Why is it that most people don’t ask me how I’m doing and really mean it? Why is it that they don’t want to actually know what my feelings are? Why is it that when they ask me how I am and I say “Not so good today” that they are so shocked? Am I not allowed to still feel pain? Just because my physical pain is gone, it doesn’t mean that I’m emotionally better – at least not all the time. On the other hand, why is it that others who really do want to know my feelings are shocked when I say I’m fine? Am I supposed to feel terrible all the time? I don’t.

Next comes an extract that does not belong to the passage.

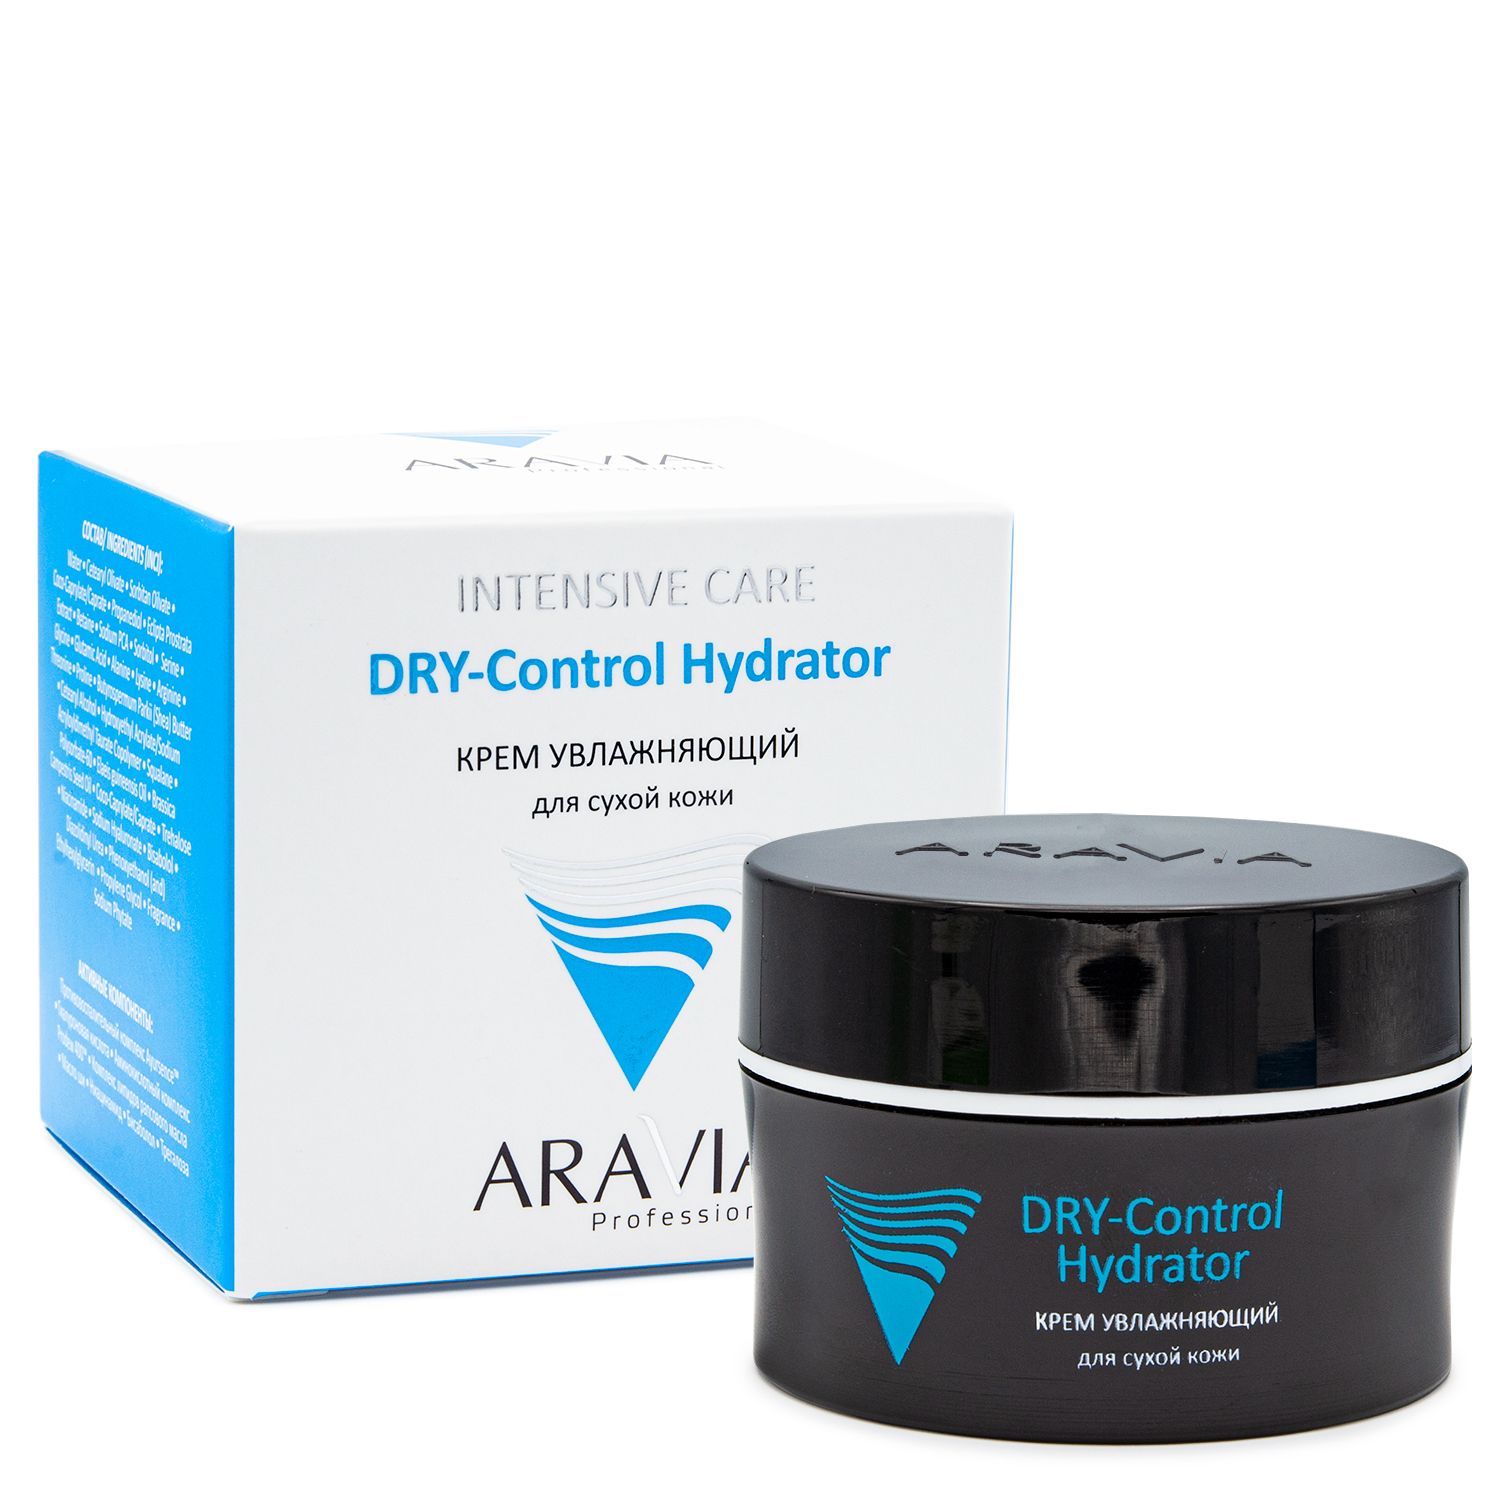 Крем увлажняющий для сухой кожи DRY-Control Hydrator, 50 мл, ARAVIA Professional. 6314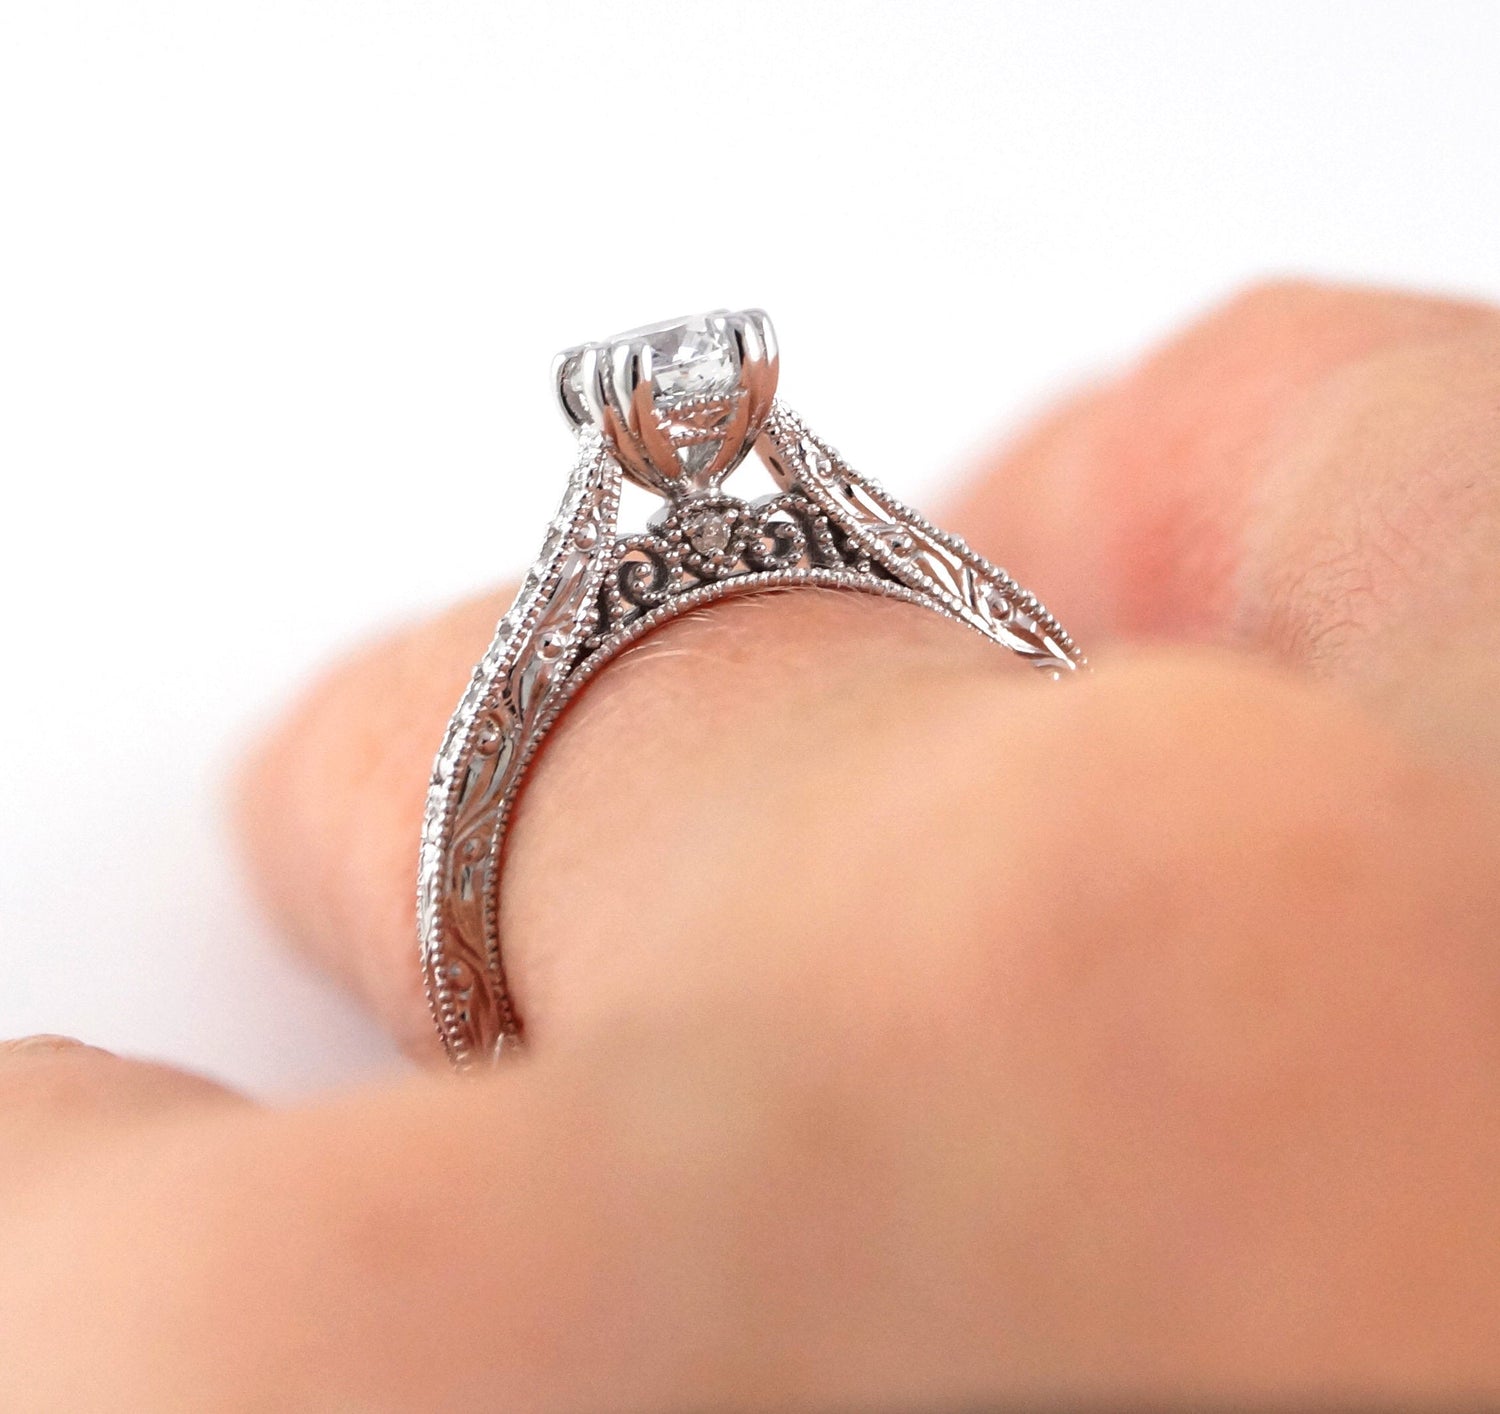 Victorian Inspired Disney Princess Ring Vintage Antique White Gold Diamond Engagement Ring Millgrain Scrollwork Carriage Engraving Rickson

Why do I feel like I need to adjust to make them feel good? Why do I have to minimize my situation just so they aren’t uncomfortable? Why is it that some people will be offended if they read this? Will they judge me for the way I’m handling things? Why do some people feel like they can tell me how to better handle the situation when they’ve never been there themselves? I sometimes don’t need things “fixed” but just need to be heard. Why do some people work so hard at making me feel bad for having these feelings, or why do I feel bad at all for having these feelings? I shouldn’t have to worry about what others think. Why do some take it personally when I’m sad – they should know I’m not sad because of them, but sometimes I’m sad when I’m around them. Those are two very different things.

Why is it that I don’t feel very many people care anymore? Why?